R equivalent (using dplyr and base R):
library(dplyr)
# R merging
inner_join(df1, df2, by='key') # Inner join
left_join(df1, df2, by='key') # Left join
right_join(df1, df2, by='key') # Right join
full_join(df1, df2, by='key') # Outer join
merge(df1, df2, by='key') # Inner join (base R, default)
merge(df1, df2, by='key', all.x=TRUE) # Left join (base R)
merge(df1, df2, by='key', all.y=TRUE) # Right join (base R)
merge(df1, df2, by='key', all=TRUE) # Outer join (base R)
Pandas equivalent:
# Merge DataFrames
df1 = pd.DataFrame({'key': ['A', 'B', 'C'], 'value1': [1, 2, 3]})

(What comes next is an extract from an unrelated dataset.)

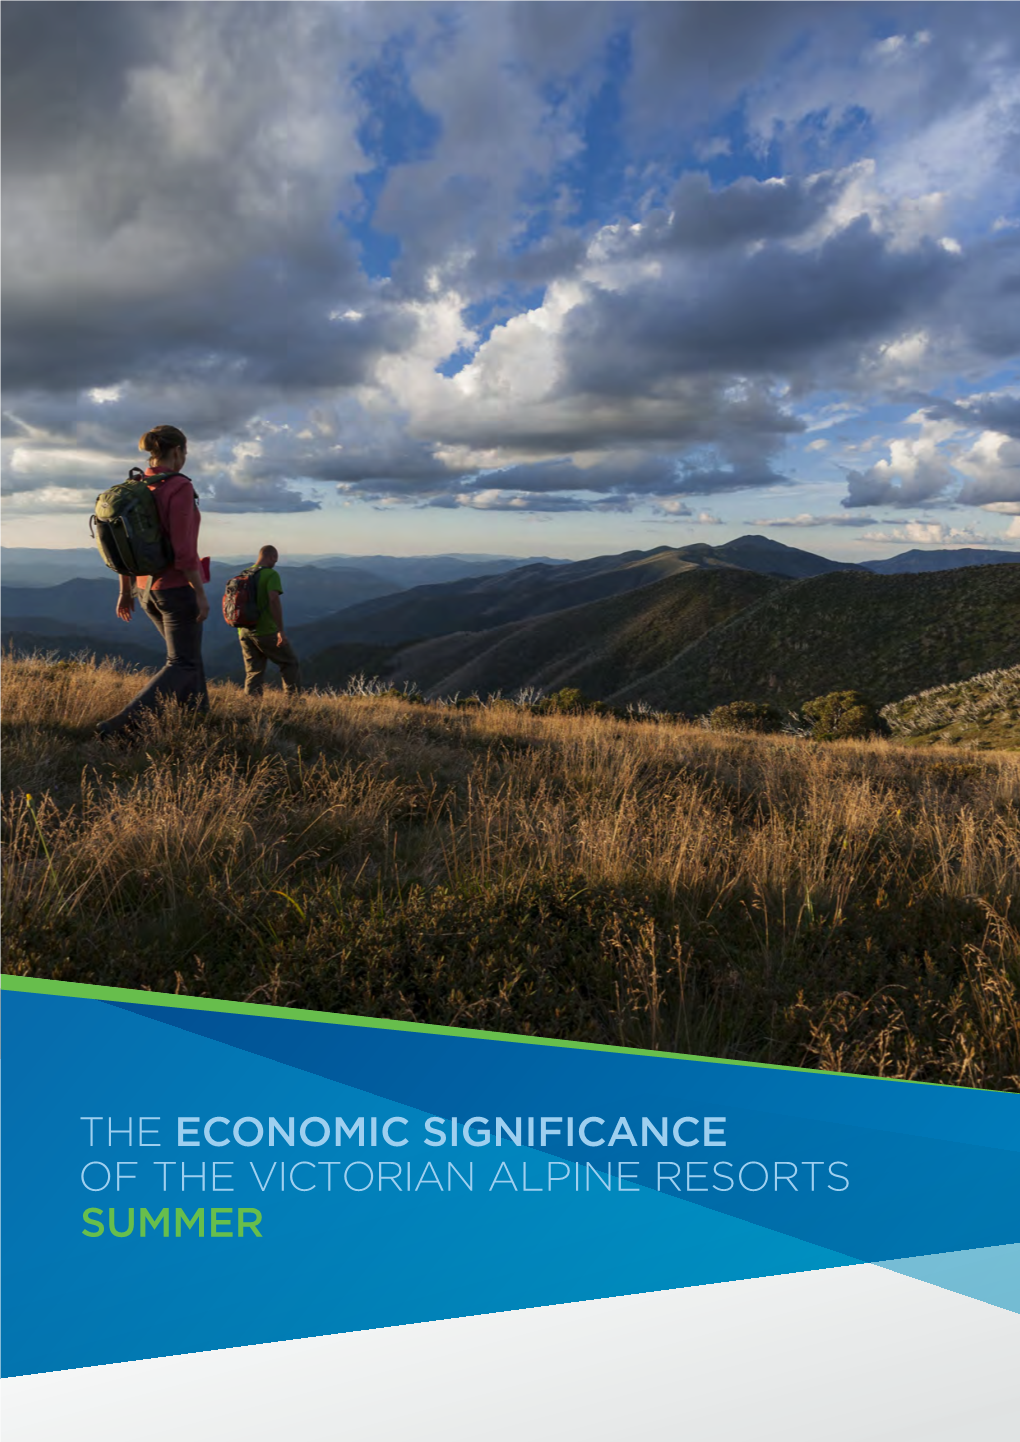 THE ECONOMIC SIGNIFICANCE of the VICTORIAN ALPINE RESORTS SUMMER Published by the Alpine Resorts Co-Ordinating Council, Acknowledgements: June 2013

df2 = pd.DataFrame({'key': ['B', 'C', 'D'], 'value2': [4, 5, 6]})
# Inner join (default)
pd.merge(df1, df2, on='key')
# Left join
pd.merge(df1, df2, on='key', how='left')
# Right join
pd.merge(df1, df2, on='key', how='right')
# Outer join
pd.merge(df1, df2, on='key', how='outer')
# Concatenate
pd.concat([df1, df2], axis=0) # Stack vertically
pd.concat([df1, df2], axis=1) # Stack horizontally
Sorting
# Sort by column
df.sort_values('age') # Ascending
df.sort_values('age', ascending=False) # Descending
df.sort_values(['city', 'age']) # Multiple columns
# Sort by index
df.sort_index()
Converting DataFrame to NumPy Array
Pandas DataFrames can be converted to NumPy arrays for use with NumPy operations or machine learning libraries.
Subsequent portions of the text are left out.